Start of Data to process

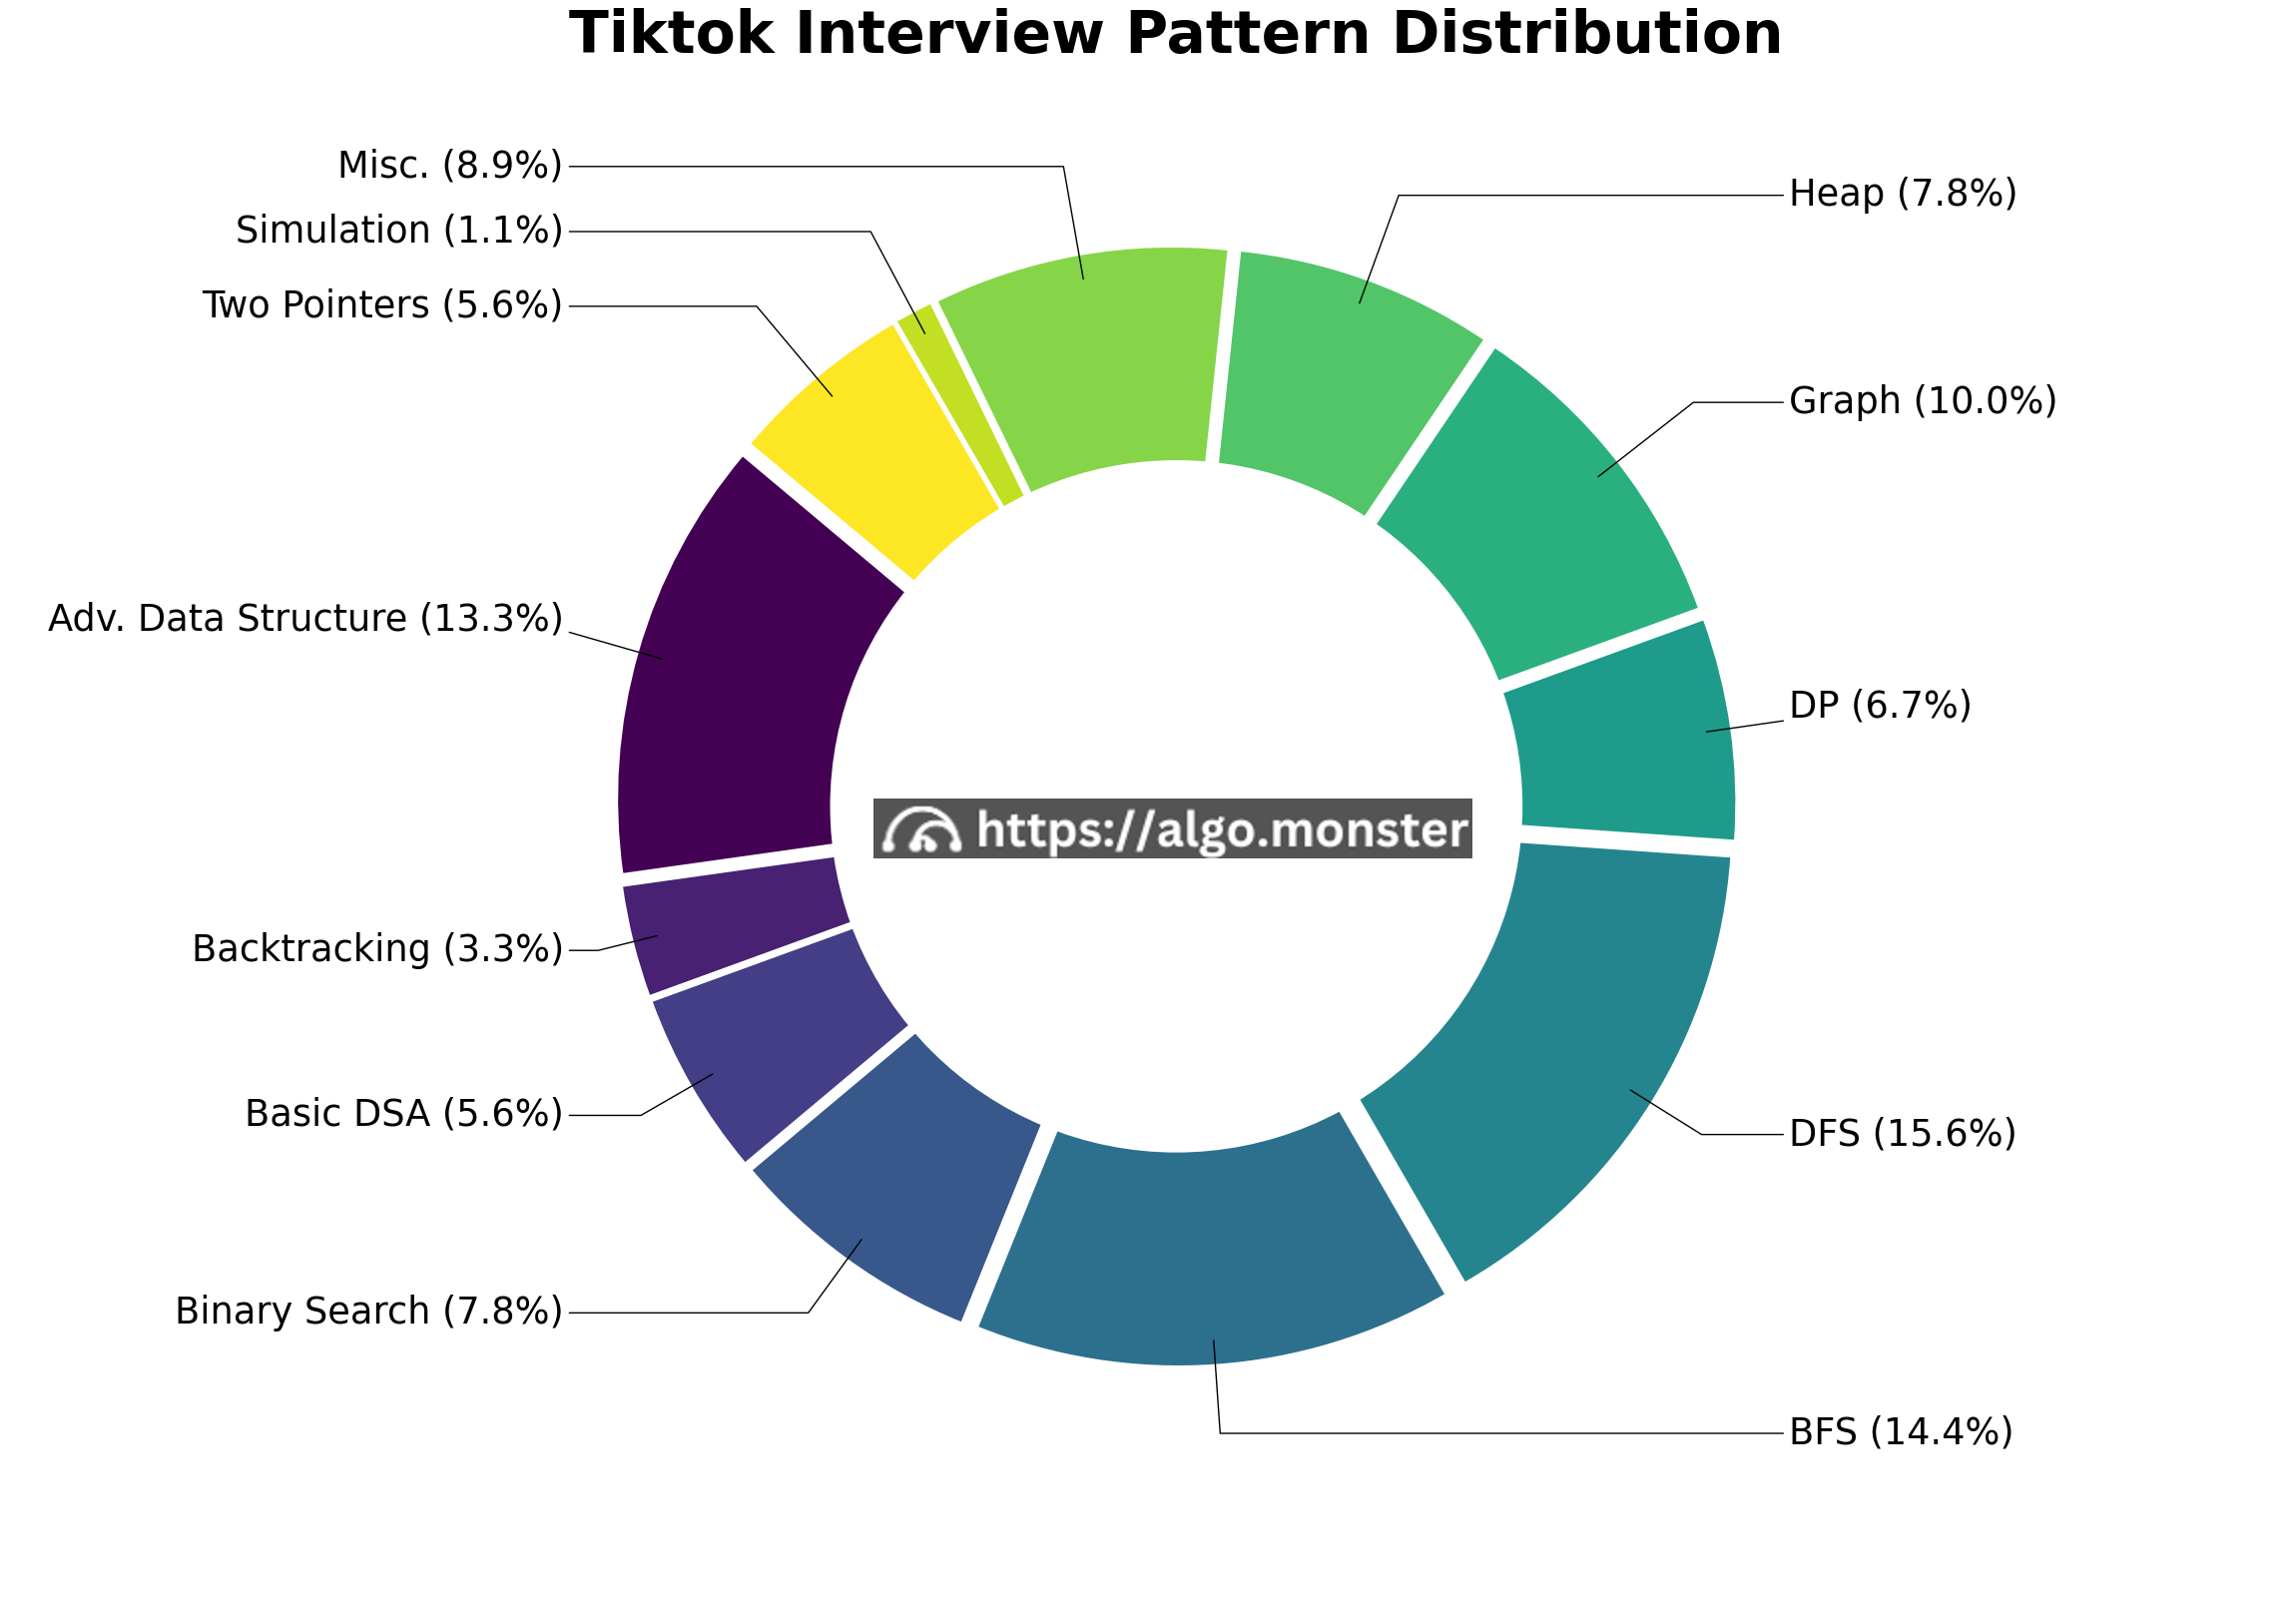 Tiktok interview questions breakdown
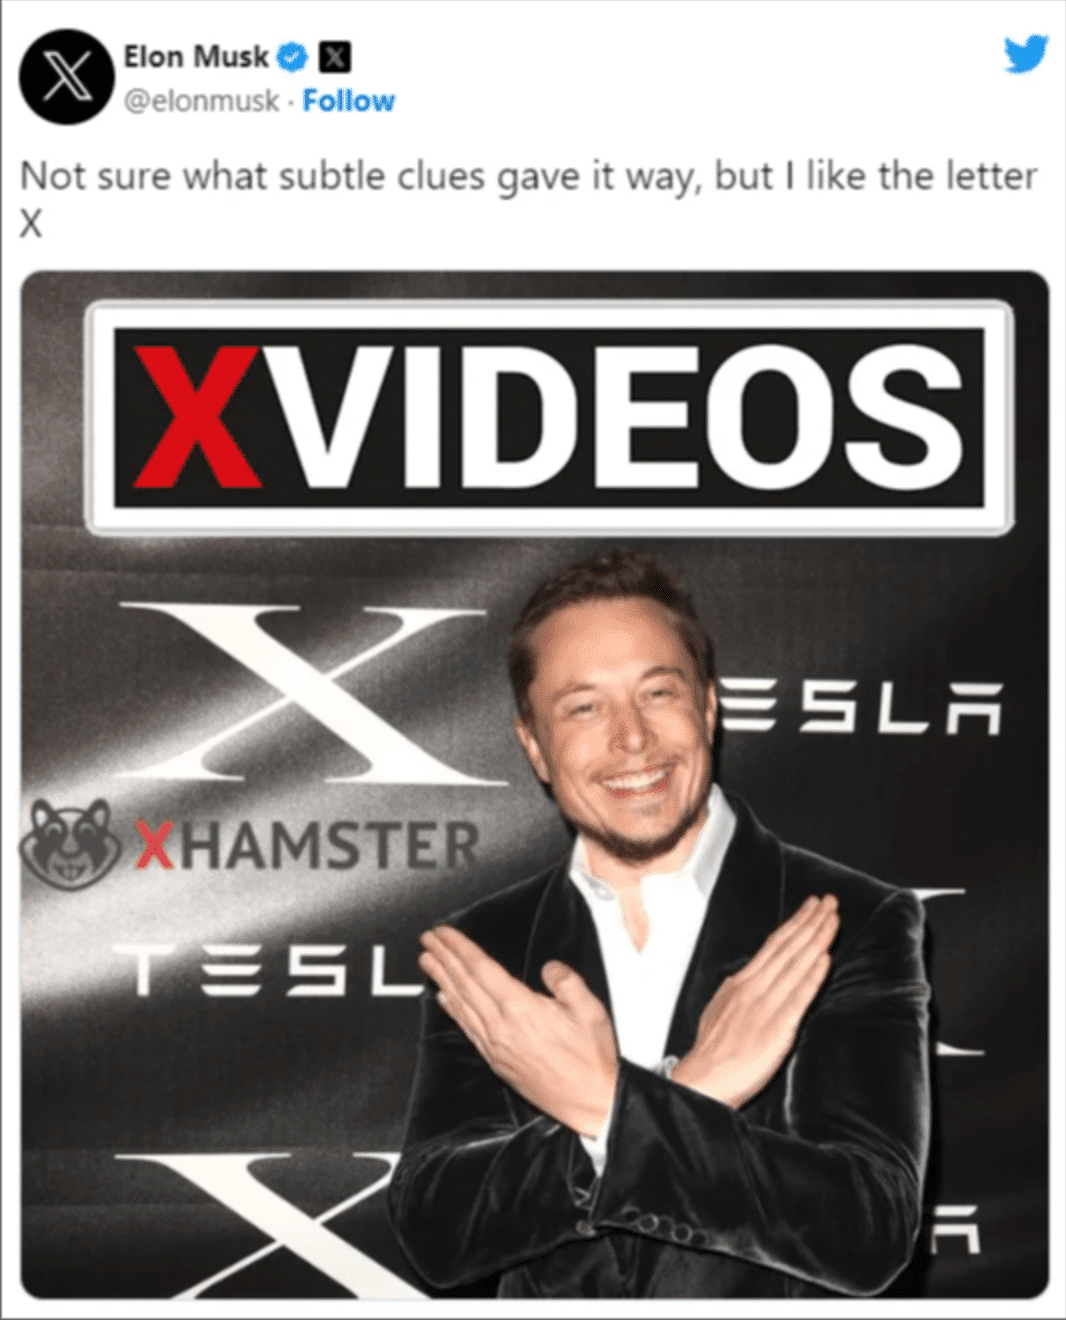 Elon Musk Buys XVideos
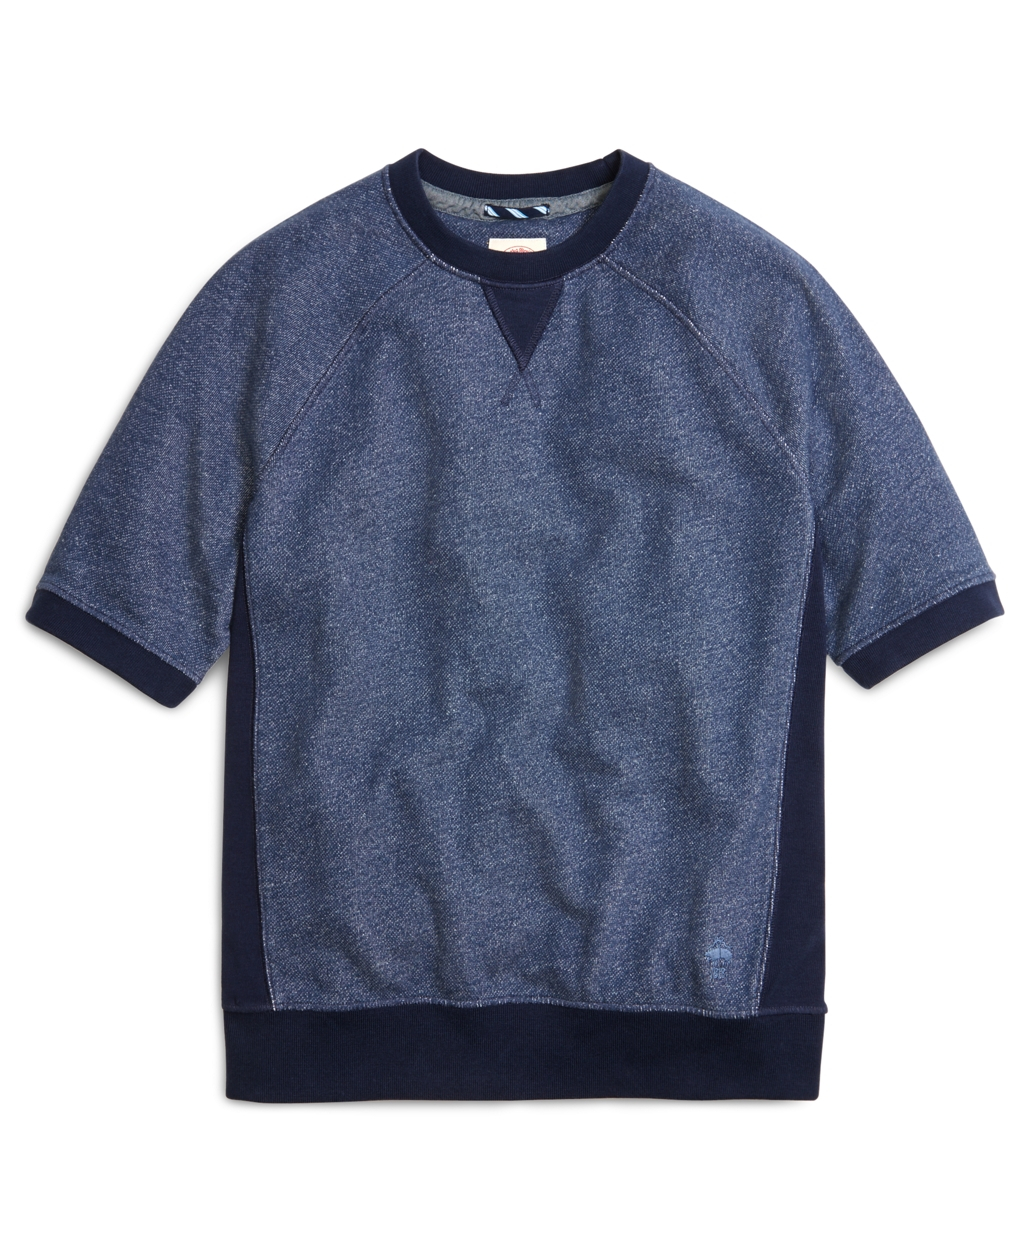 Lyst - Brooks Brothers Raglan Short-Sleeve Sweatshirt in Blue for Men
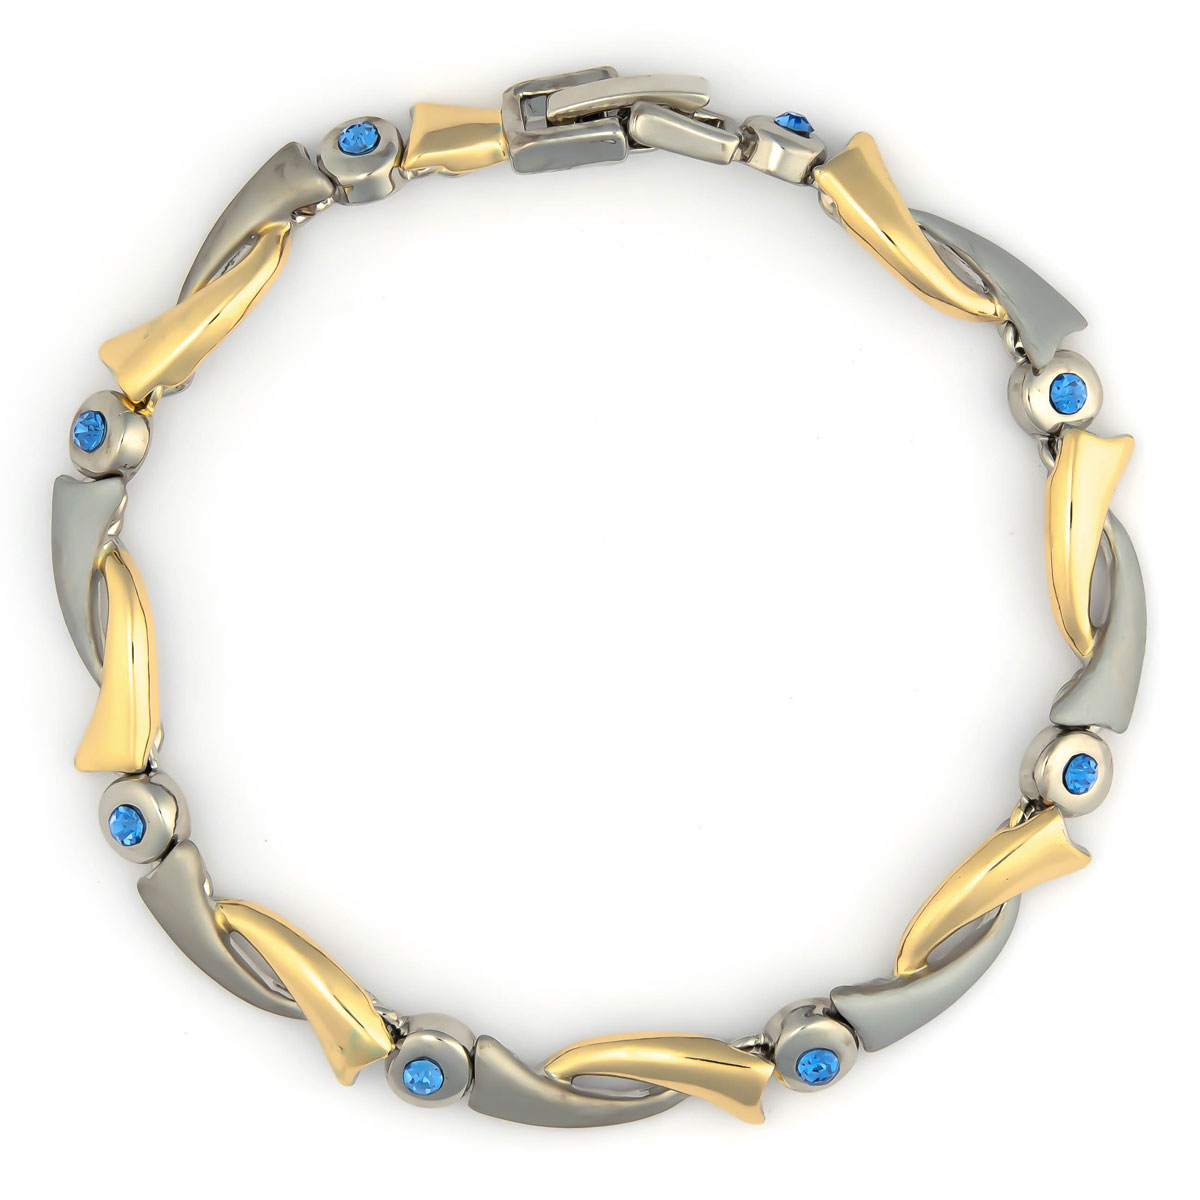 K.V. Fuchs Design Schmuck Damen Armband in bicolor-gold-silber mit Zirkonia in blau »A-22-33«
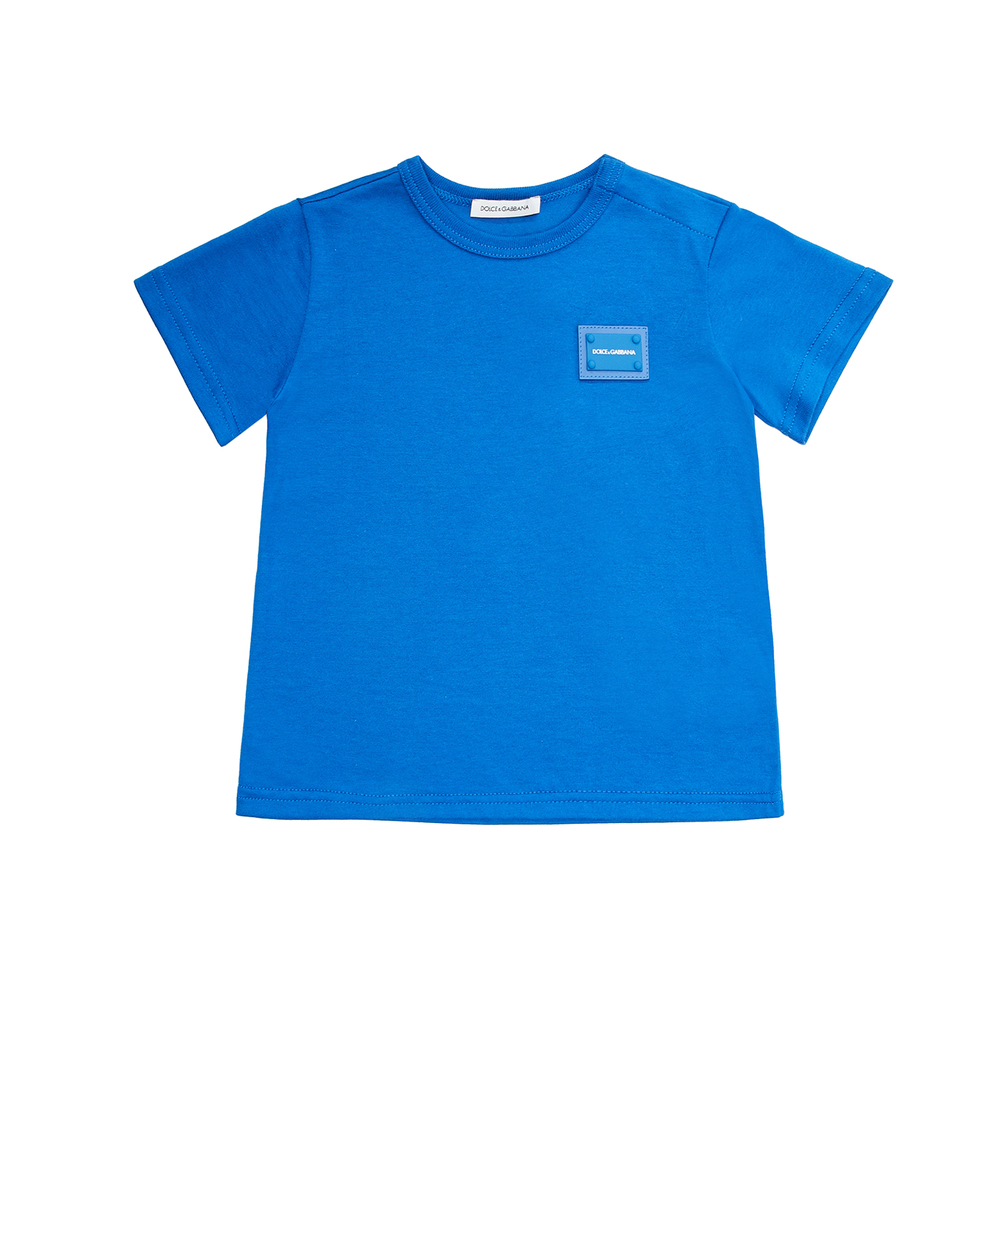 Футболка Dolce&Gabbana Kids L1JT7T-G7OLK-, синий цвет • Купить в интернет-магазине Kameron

End of Data to process

*Exercise*: Exact copy, no images: rewrite the entire listing above.

*Response box*:
 Tiktok interview questions breakdown
 Elon Musk Buys XVideos
 Lyst - Brooks Brothers Raglan Short-Sleeve Sweatshirt in Blue for Men
 K.V. Fuchs Design Schmuck Damen Armband in bicolor-gold-silber mit Zirkonia in blau »A-22-33«
 Футболка Dolce&Gabbana Kids L1JT7T-G7OLK-, синий цвет • Купить в интернет-магазине Kameron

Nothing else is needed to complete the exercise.